I could cite more examples but this list is sufficient to show that this was the firm and customary practice of this House whenever the government sought such approval for the ratification of a treaty. It would appear that the Auto Pact I referred to was the last time a motion asking the House to call upon the government to ratify a treaty was utilized and the firm customary practice requiring that the text of the treaty be laid before the House prior to debate on the motion was followed. This clearly establishes this firm customary practice of this House when dealing with such motions as the one before us on Kyoto.

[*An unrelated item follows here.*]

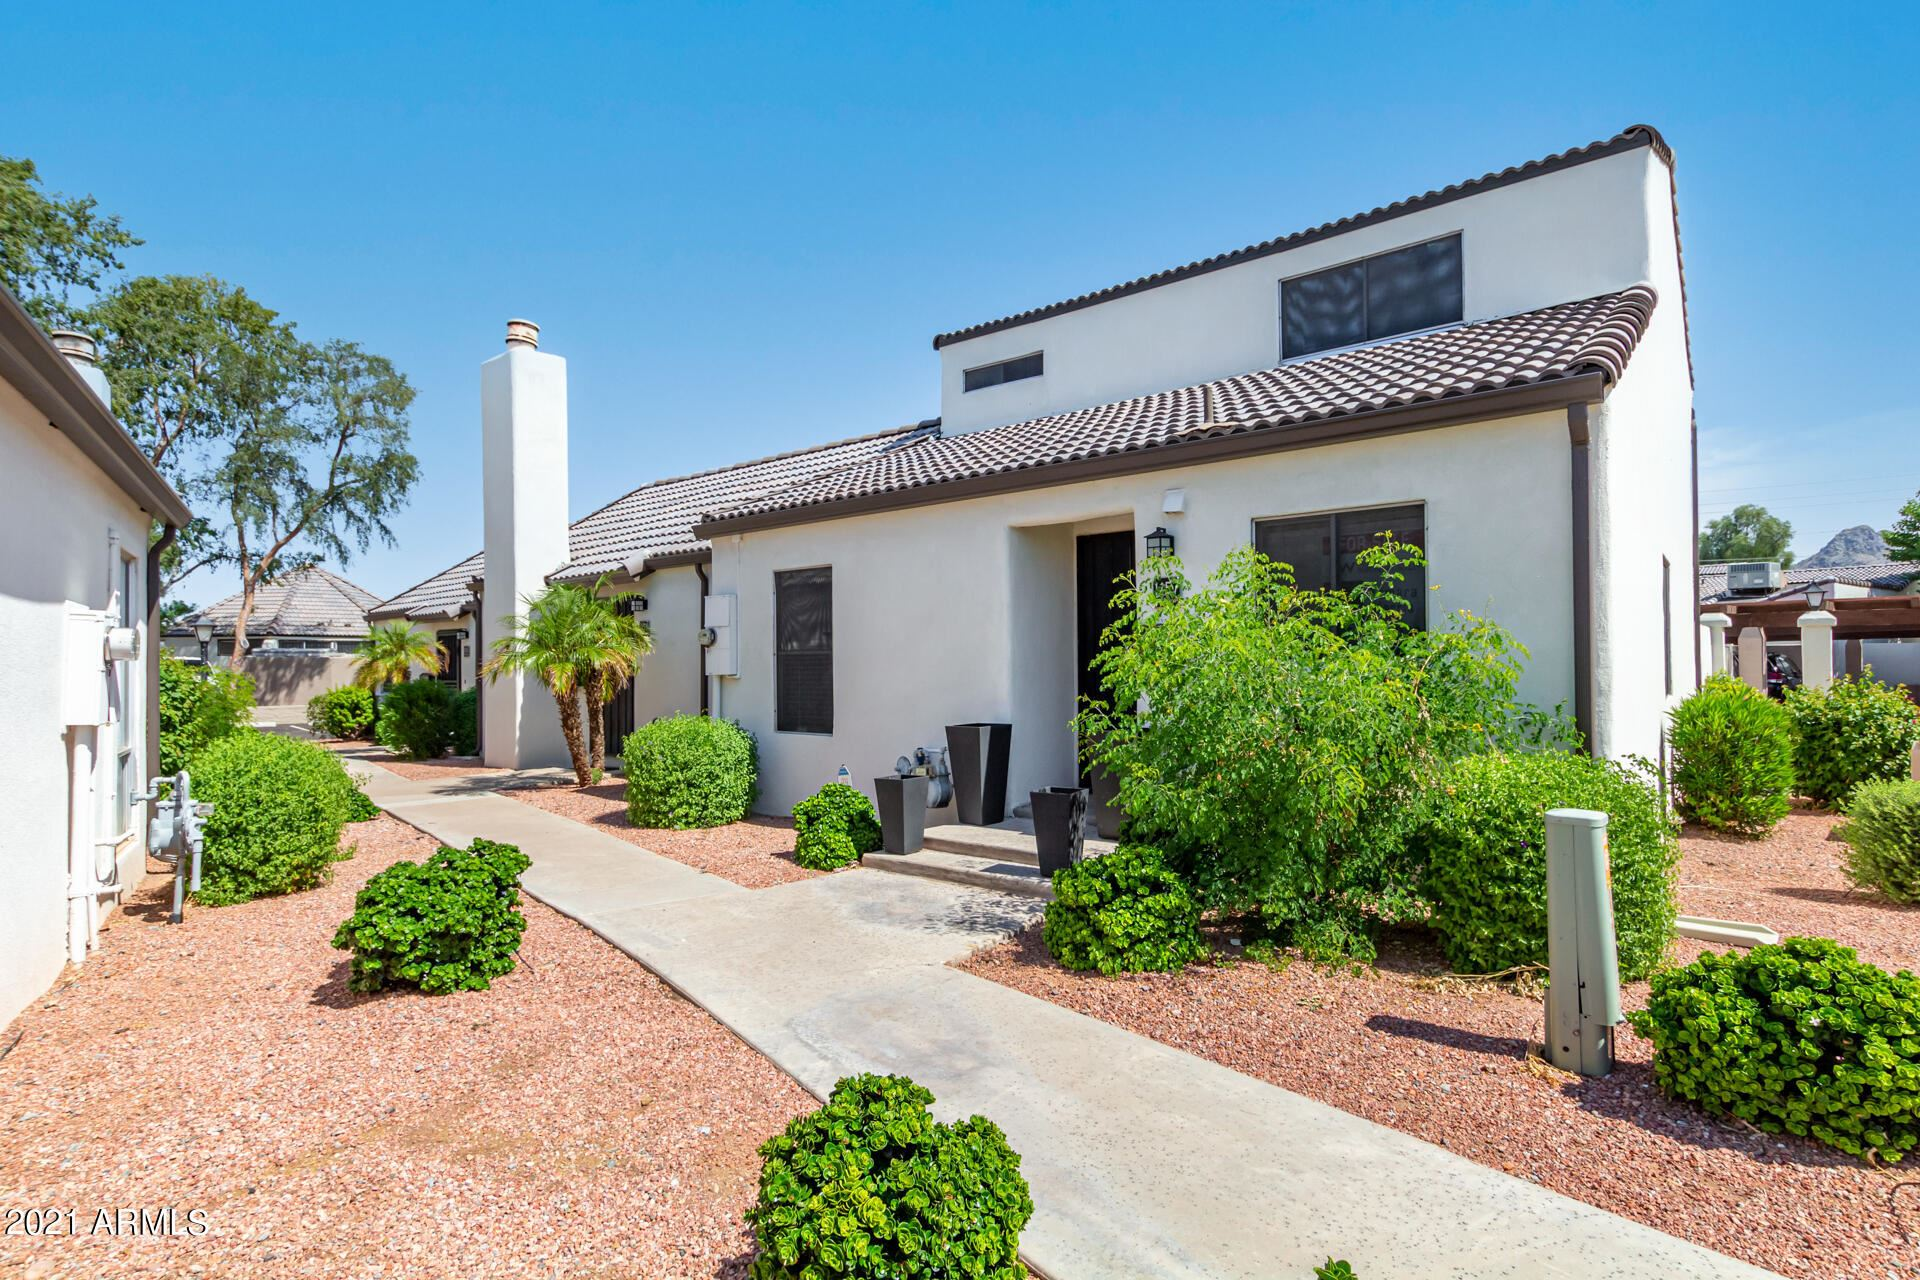 Photo of 1157 E BELMONT Avenue, Phoenix, AZ 85020 (MLS # 6283689)
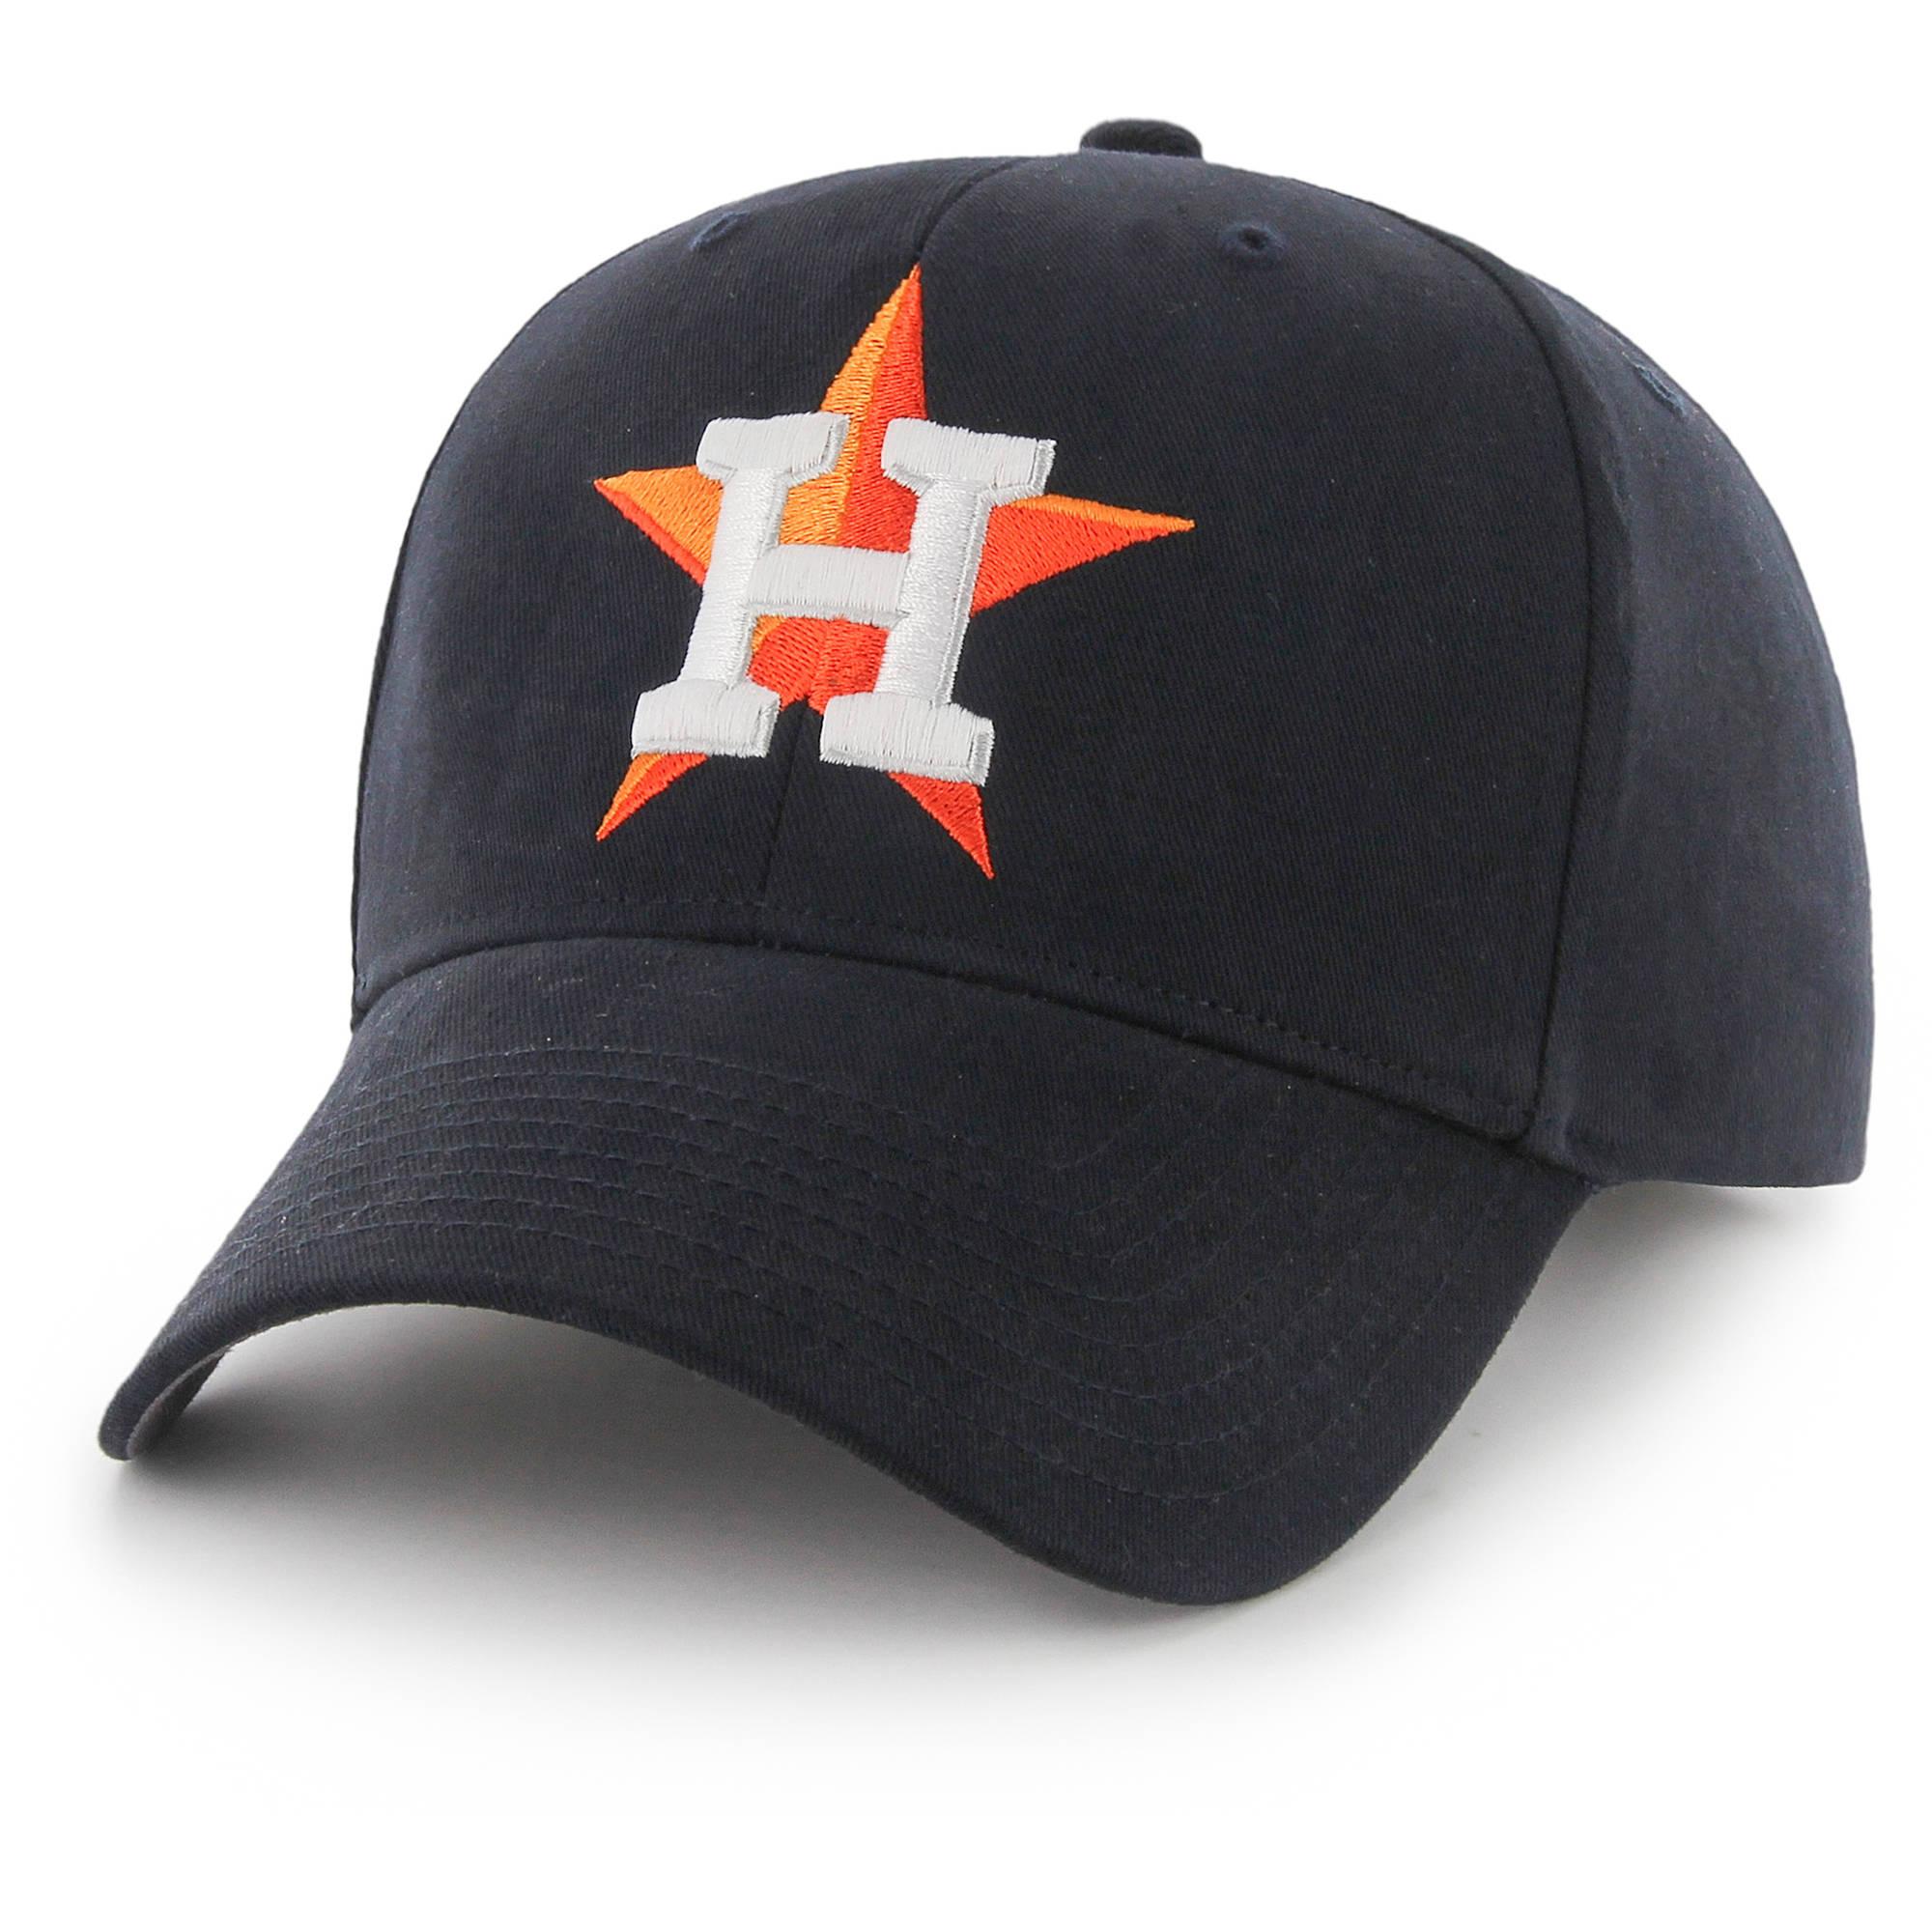 MLB Houston Astros Basic Cap / Hat by Fan Favorite

There is the other issue raised in this matter concerning the British practice that the Leader of the Opposition cited to the effect that part of the practice was to allow a period of time to expire between the time the text of the treaty was laid before the House and debate on the motion commence. In the specific cases cited, the treaty was laid before the House well in advance of the debate.

In the case of the North Atlantic treaty, it was tabled in the House by Prime Minister Louis St. Laurent, on March 18, 1949, with the debate taking place on April 4, 1949, 16 days later. In the case of the Charter of the United Nations, the text of the charter was tabled in the House on September 7, 1945, and debated in the House from October 16-19, 1945, nearly six weeks later. In the case of the peace treaties after the second world war, they were tabled February 10, 1947, and debated June 30, 1947, more than four months later. In the case of the Auto Pact, the text of the treaty was laid before the House on February 24, 1965 and not debated until May 6, 1966, a year and three months later.

The customary practice of the House has been to allow at least some reasonable period of time to occur before the debate on the motion would commence. My leader had cited the British practice of allowing 21 days and it was from this practice that the Canadian practice clearly evolved.

In any case, although perhaps no precise number of days are required to expire from the time the treaty is tabled to the time the motion on it can be debated, there is no doubt that some period of time has to expire.

The government has chosen to utilize the firm practice as originated by Prime Minister Mackenzie King in the 1920s. If it is going to utilize this procedure then it has to be required to follow the correct procedural preconditions before debate on such a motion can commence. The motion that is now being debated has not been properly brought to this House due to the failure to follow clear procedural steps governed by the customary practice of this House.

Given that debate has already commenced on the motion I would submit, Mr. Speaker, that you should accordingly suspend any further debate on the motion until the text of the Kyoto protocol has been properly laid before the House, and a reasonable time has expired between the time it is so tabled and the debate on the motion is allowed to resume.

Points of OrderGovernment Orders

4:55 p.m.

Halifax West Nova Scotia

Liberal

Geoff Regan LiberalParliamentary Secretary to the Leader of the Government in the House of Commons

Mr. Speaker, it is my understanding that the Ponsonby procedure, to which the member referred yesterday, has never been adopted in the House.

My hon. colleague from Red Deer suggests I have been talking too much. I think that he ought to be concerned about being afflicted with the same affliction I have if he does not conclude within the near future.

I have to wonder whether or not the member for Kootenay—Columbia is suggesting that he has not had the opportunity to examine the protocol or has not had access to it. It seems to me that if that is not the case, then what he is really doing is engaging in procedural wrangling to avoid the real debate and prevent us from discussing this issue which is of great interest and importance to Canadians.

Points of OrderGovernment Orders

4:55 p.m.

The Acting Speaker (Mr. Bélair)

I am advised that there are some new elements that the hon. member for Kootenay--Columbia has submitted to the House. They will be reviewed by the Speaker who will bring down a ruling as soon as possible.